The positive aspects of Tannese culture such as respect for chiefly authority that help to uphold fruitful developments such as the handicrafts project in the story told above is worth our emulating. Go to Lenakel and see for yourself the evidence of their hunger, thirst and quest for development, while the rest of us still walk around with namele leaves and stones in our hands to destroy development.

Tanna and Conflicts

In my 20 years of travels in and out of Tanna, I have seen not one namele leaf stuck beside a project. Do they have conflicts over land and other social issues? Oh yes they do. But when it comes to important development projects such as a handicraft centre (as colourfully opened in early September), roads, wharfs, schools and dispensaries, they deal with these along cultural lines. They allow development to continue and manage their conflicts unobtrusively in the background. Of course they’ve had their share of fires and open conflicts but on the whole they’ve done tremendously far better and have been able to manage their conflicts far more diplomatically than us northerners.

Undermining the NSDP

The National Sustainable Development Plan (‘The People’s Plan’ 2016 to 2030) is a colourful masterpiece of words on paper put together by various local experts with some external support. It was designed to be the chief policy document for our country by our leaders to take us over a 15 year period till 2030. That’s great. How much of it has been implemented is in the hands of the mid-term review team (if there is one). But on the whole, ‘The People’s Plan’ will remain just words on paper if our approaches to development are hampered by the very negative aspects of our cultures and attitudes. The amount of aid we pour into projects have and can go to waste because of this too.

Lessons for PENAMA

Last September PENAMA Province celebrated its Silver Jubilee. I wrote two articles after the celebrations then highlighting administrative and other challenges within the province. A year later I present this article on ‘culture and development’ to help us rethink our development efforts. The recent story of the broken Cooperatives building glass window at Lolowai reflects a very shameful reaction on the heels of a very important COM meeting at the Saratamata provincial HQ.

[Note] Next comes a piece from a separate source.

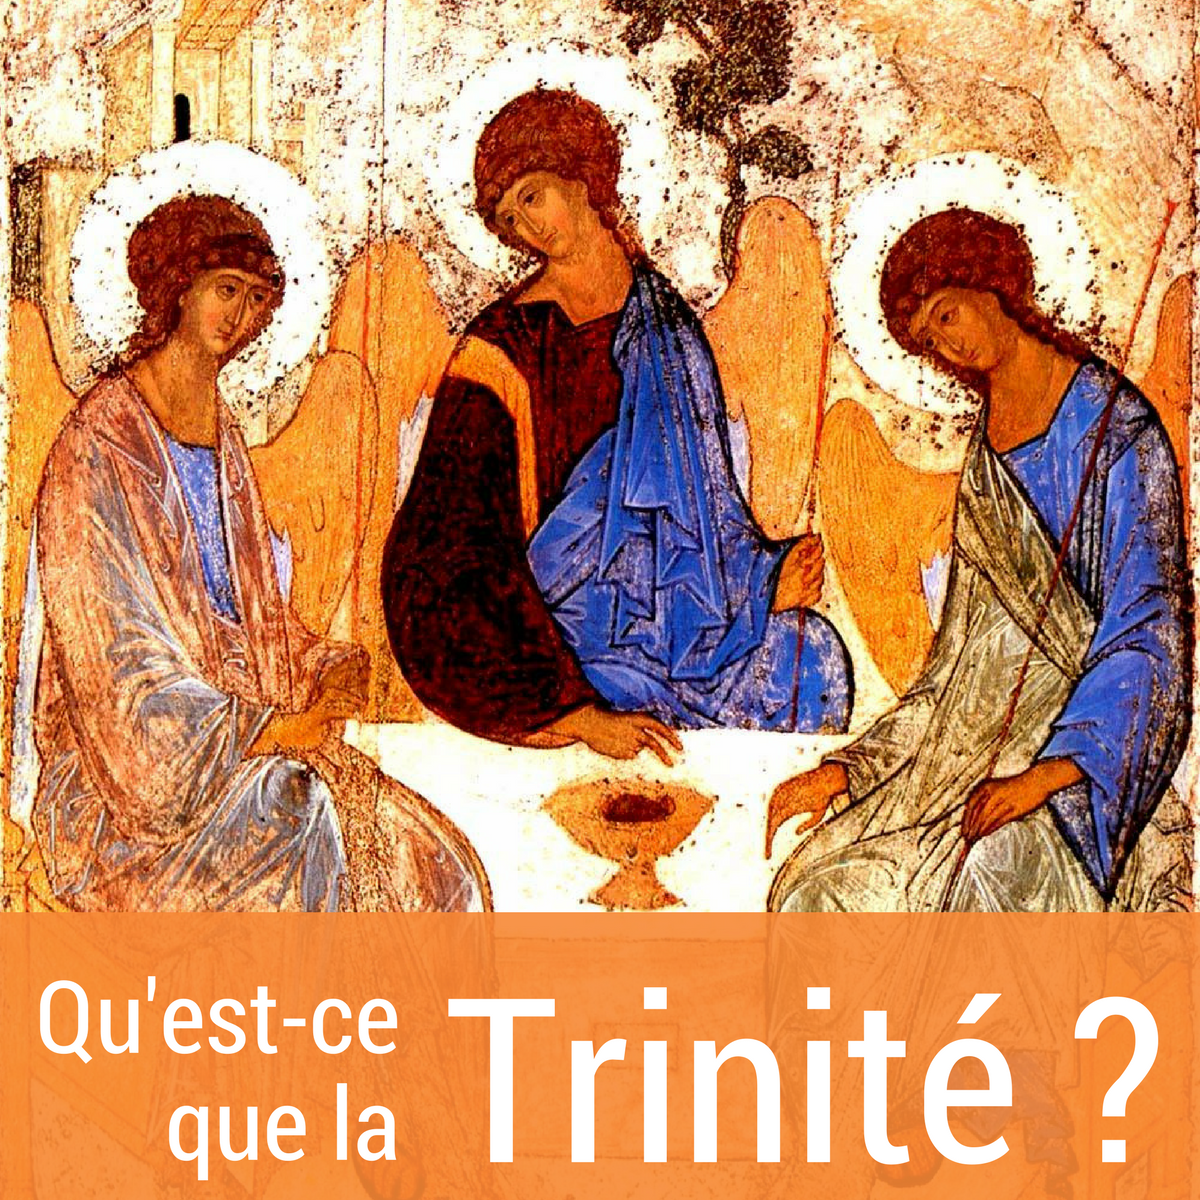 Conférence sur la Trinité au monastère de Vandoeuvre (54) le 18 novembre

Do we value development for development’s worth or are we still deeply fragmented in our efforts? The political and cultural values we hold within the province, are they still relevant or have we missed the boat and been spending more time running after shadows? We are not thinking correctly.

I wrote this article with a genuine thought in mind, and that is, that we can do things better in Penama and other northern provinces as they do on Tanna when it comes to development. We can if we will.

Prior to borders being closed due to the global pandemic, a lot of officials used to travel to other countries in Asia (Singapore, Malaysia, etc) as part of our so-called ‘South-South Cooperation’ to learn from them on how they have progressed in their development efforts out there with the hope of bringing back valuable lessons to advance our own respective institutions and our country.

Why can’t we do the same here in Vanuatu under some sort of a North-South Cooperation set up for our northern chiefs and other provincial leaders to learn from Tanna how they deal with issues relating to development? No doubt the Malvatumauri Council of Chiefs may be too glad to help facilitate that kind of a process, and undoubtedly Chief Lop and his people may be quite happy to accommodate.

If we are truly already 40, this kind of an approach to development should help to bolster and strengthen our development pathways. Remember, international development support will be phased out over the next few years under our DC status.

The time for us to get our acts together is now.